Compound(s) which will liberate carbon dioxide with sodium bicarbonate solution is/are:

To liberate carbon dioxide ($$CO_2$$) from sodium bicarbonate ($$NaHCO_3$$), an organic molecule must be a stronger acid than carbonic acid ($$H_2CO_3$$). If the compound is a weaker acid than carbonic acid, no reaction will take place.

Compound A: 2,4,6-Triaminophenol (Does Not React)

Compound A fails this test. Standard, unsubstituted phenol is already a weaker acid than carbonic acid. In Compound A, the three amine ($$-NH_2$$) groups attached to the ring are strongly electron-donating due to the resonance (+R) effect of their nitrogen lone pairs. They push electron density into the benzene ring, which severely repels and destabilizes the negatively charged phenoxide oxygen that would form if it lost a proton. This makes Compound A an extremely weak acid that cannot react with bicarbonate.

Compound B: Benzoic Acid (Reacts)

Compound B successfully reacts. It contains a standard carboxylic acid group ($$-COOH$$). As a general rule, almost all carboxylic acids are inherently stronger acids than carbonic acid. Therefore, Compound B easily reacts with sodium bicarbonate to release carbon dioxide gas.

Compound C: Picric Acid / 2,4,6-Trinitrophenol (Reacts)
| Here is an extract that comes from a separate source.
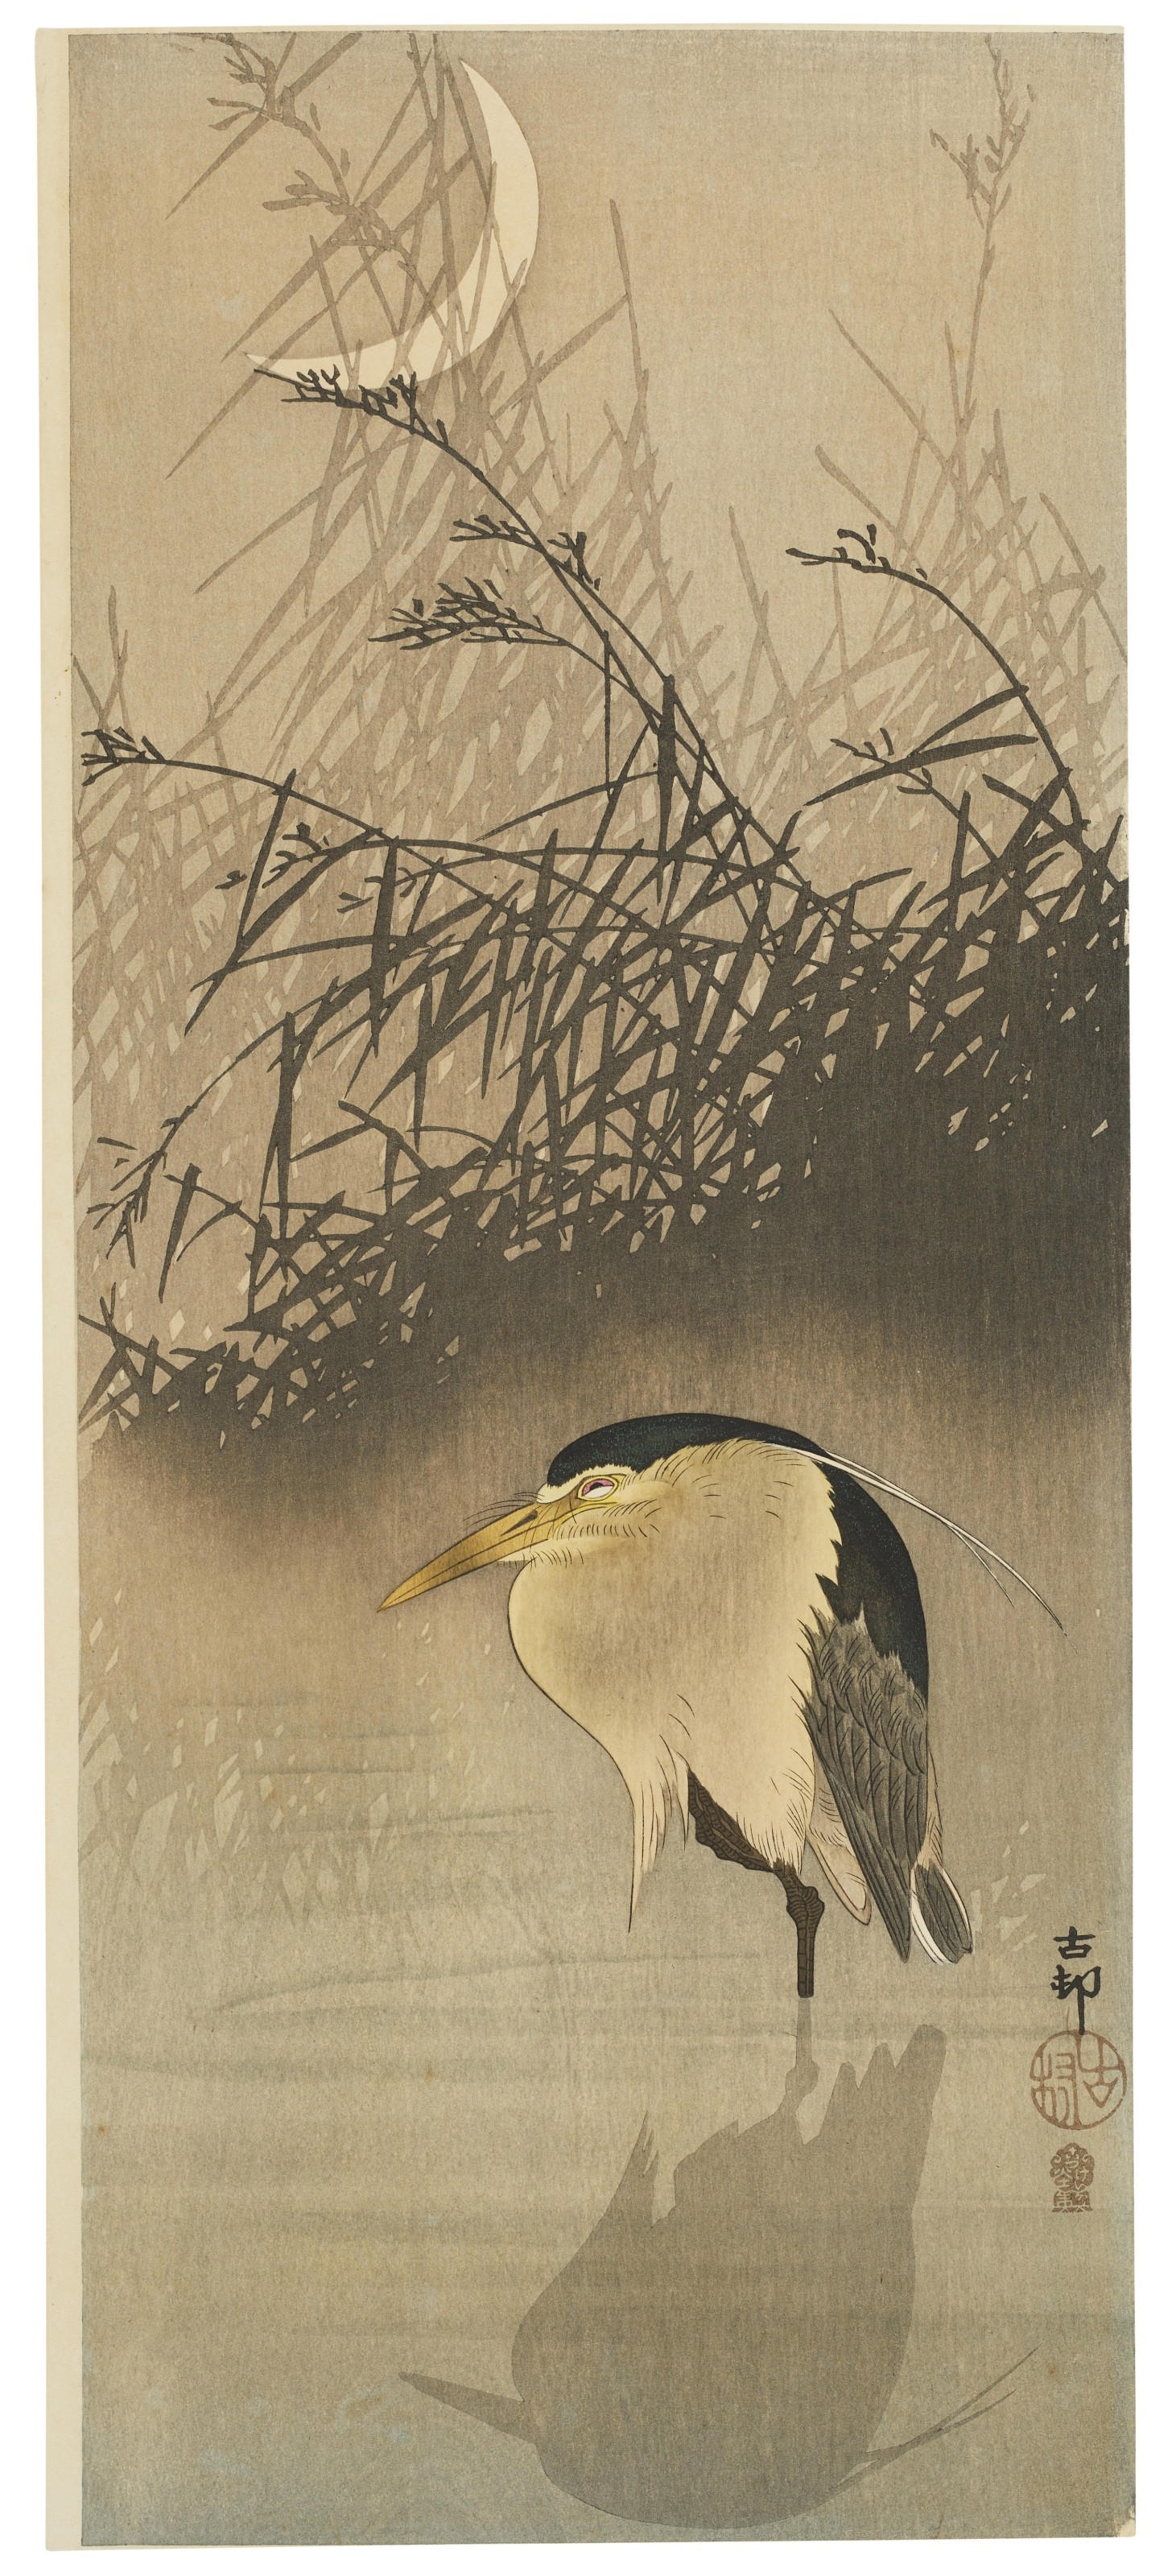 Edition Japanese Print Koson Asian Art Japan Egret on Branch 30x44 Ltd

Compound C also successfully reacts. Although it belongs to the phenol family (which typically fails this test), the presence of three strongly electron-withdrawing nitro 
($$-NO_2$$) groups completely changes its behavior. These groups pull electron density away from the oxygen atom, powerfully stabilizing the phenoxide conjugate base. This makes picric acid exceptionally acidic—actually more acidic than some carboxylic acids—allowing it to easily liberate $$CO_2$$.

Final Conclusion

Because only the carboxylic acid and the highly deactivated phenol possess the required acid strength, Compounds B and C only will liberate carbon dioxide with sodium bicarbonate solution. Thus, the right option is B.